It's been a heck of year for Tualatin's Caleb Lakeman. The senior distance runner won a handful of big events before placing fifth at last fall's state cross country meet, has run personal best times in the 800, 1500 and 3000 meters on the track this spring, and at the Nike/Jesuit Twilight Relays April 29, the Timberwolves senior did what he's been trying to do all of his running life—beat his dad.
"It felt so amazing to run faster than my dad and 'break the family mile record,'" Lakeman said. "I have been chasing after that record ever since I started running in the third grade."
Lakeman's father Dirk ran 4:04.9 in 1977 and held the state's high school mile record for 27 years before Central Catholic's Galen Rupp bested it with a time of 4:01.8 in 2004. Caleb has been flirting with his dad's mark for a while now, but finally caught and passed his father's mark at Jesuit, running a 4:04.46.
"I just had so much adrenaline at the end of that race that I didn't even know I ran 4:04," Lakeman said. "He (my dad) was so excited and proud that I ran that time and won in front of such a big crowd."
Despite the blistering time the race was a dogfight throughout and in the end saw Lakeman winning by just more than a second over Kamiakin's Isaac Teeples (4:05.55) and Franklin's Charlie North (4:05.61).
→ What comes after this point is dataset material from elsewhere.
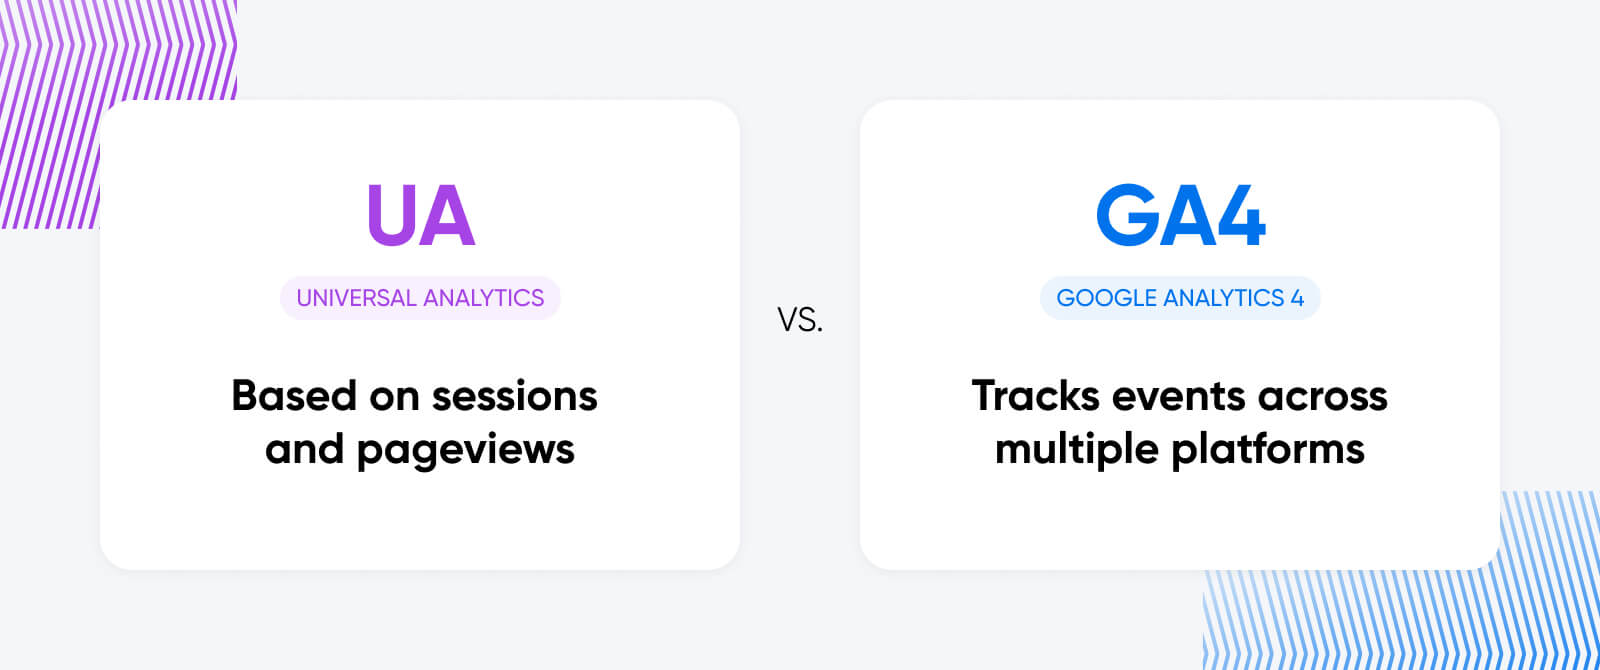 Difference between Universal Analytics and Google Analytics 4. Universal Analytics is based on sessions and pageviews. Google Analytics 4 tracks events across multiple platforms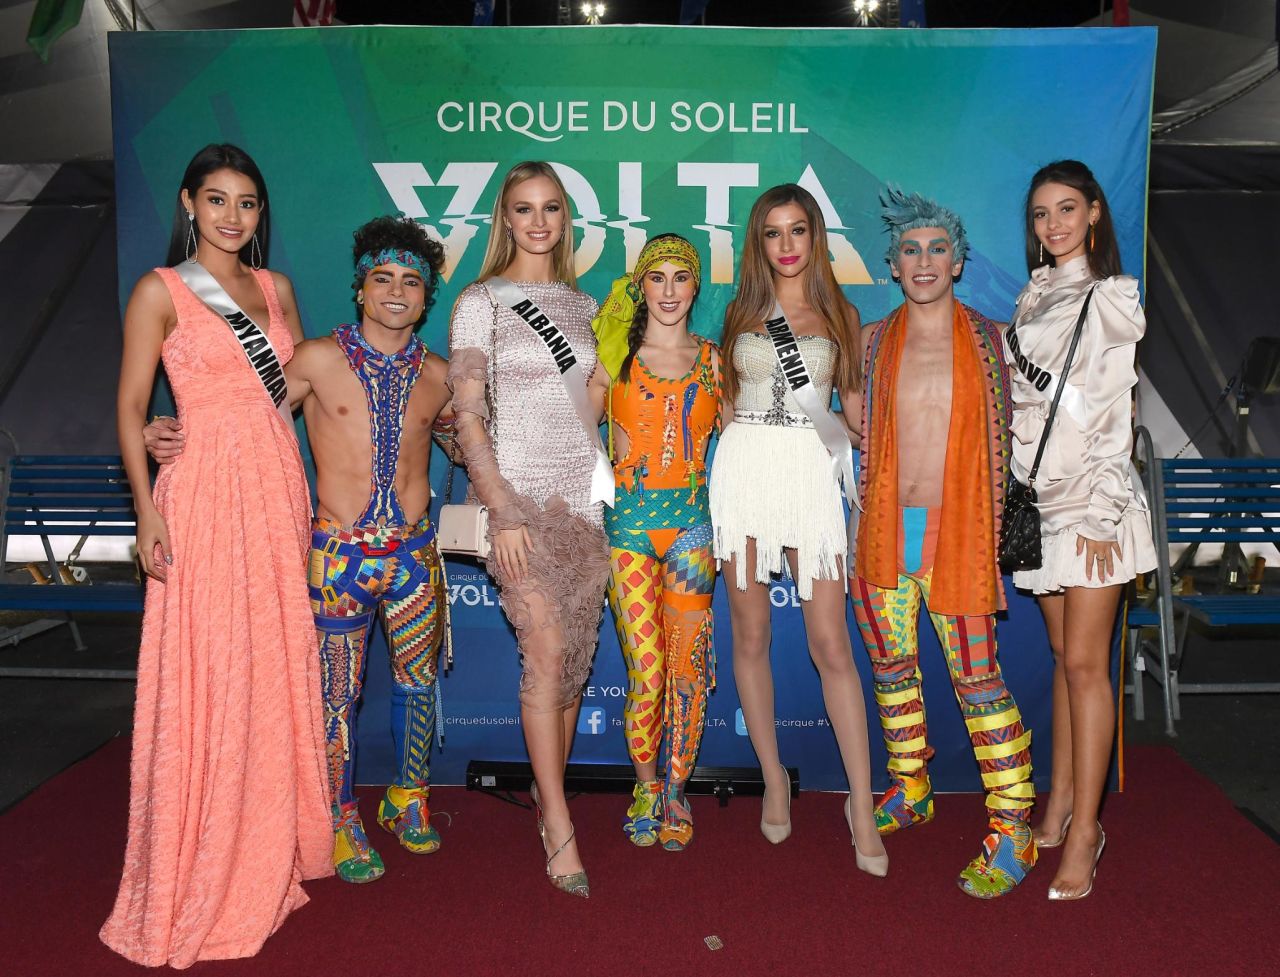 Miss Myanmar Swe Zin Htet, Miss Albania Cindy Marina, Miss Armenia Dayana Davtyan and Miss Kosovo Fatbardha Hoxha pose with cast members of Volta during Volta By Cirque Du Soleil at Atlantic Station on December 04, 2019 in Atlanta, Georgia.

In all, 12 of the race's competitors finished in under 4:10, putting the area's distance talent on display prior to the state track and field championships later this month.
Lakeman said the overall talent in Oregon is just "different," and that it's genuinely helped he and others do great things in the past, present and hopefully going forward.
"Oregon just seems so much different than any other state," he said. "Every single runner in that race has that competitive nature to beat one another, however, we're all really close friends, so I think that's the big part that everyone doesn't realize that makes these races so historic."
The Timberwolves runner said he felt good both mentally and physically going into the race, but wasn't really expecting the times to be what they were until midway through the event.
"I was pretty confident going into that race considering I won a huge 3K the week before, so I knew I could win," Lakeman said. "But I definitely knew the race would be fast because we went through 800 in 2:03 or 2:04, but I wasn't aware in the moment that it would be that fast."
The 3K he was referring to was at the Oregon Relays in Eugene April 23, where Lakeman defeated a star-studded local field in a personal best time of 8:10.91. Admittedly, he said he was a bit surprised by the win, but at the same time not by the speed at which he ran—due to his surroundings.
"The stadium (Heyward Field) has such an exciting atmosphere that it makes it kind of impossible to not run fast there," he said. "Although, I went into that race not expecting to win by any means, I just wanted to run a fast time."
And he's been doing that a lot of late. But while excited about his recent performances, Lakeman said it's been less about physical training differences and more about his ability to relax before and during a race.
"I haven't changed much about my training, but the thing I can attribute most to my recent success is my balanced mindset and the alignment of my mind and body," he said. "I realized that over the cross country season I would psych myself out before races, so I've figured out a way to calm my mind and body so that both can be fully prepped before those big races."
Now, considering his upward trajectory, has he adjusted his goals accordingly? Not really, for he's always wanted to win. But he does have goals, and he's not afraid to tell them to you.
"I would say my goals are to win a state title in the 1500 primarily, as well as break the state meet record and the state record in the 1500 and the 3K," Lakeman said. "Additionally, I would want to try and break 4 minutes in the mile."
Lofty goals, but I wouldn't bet against him.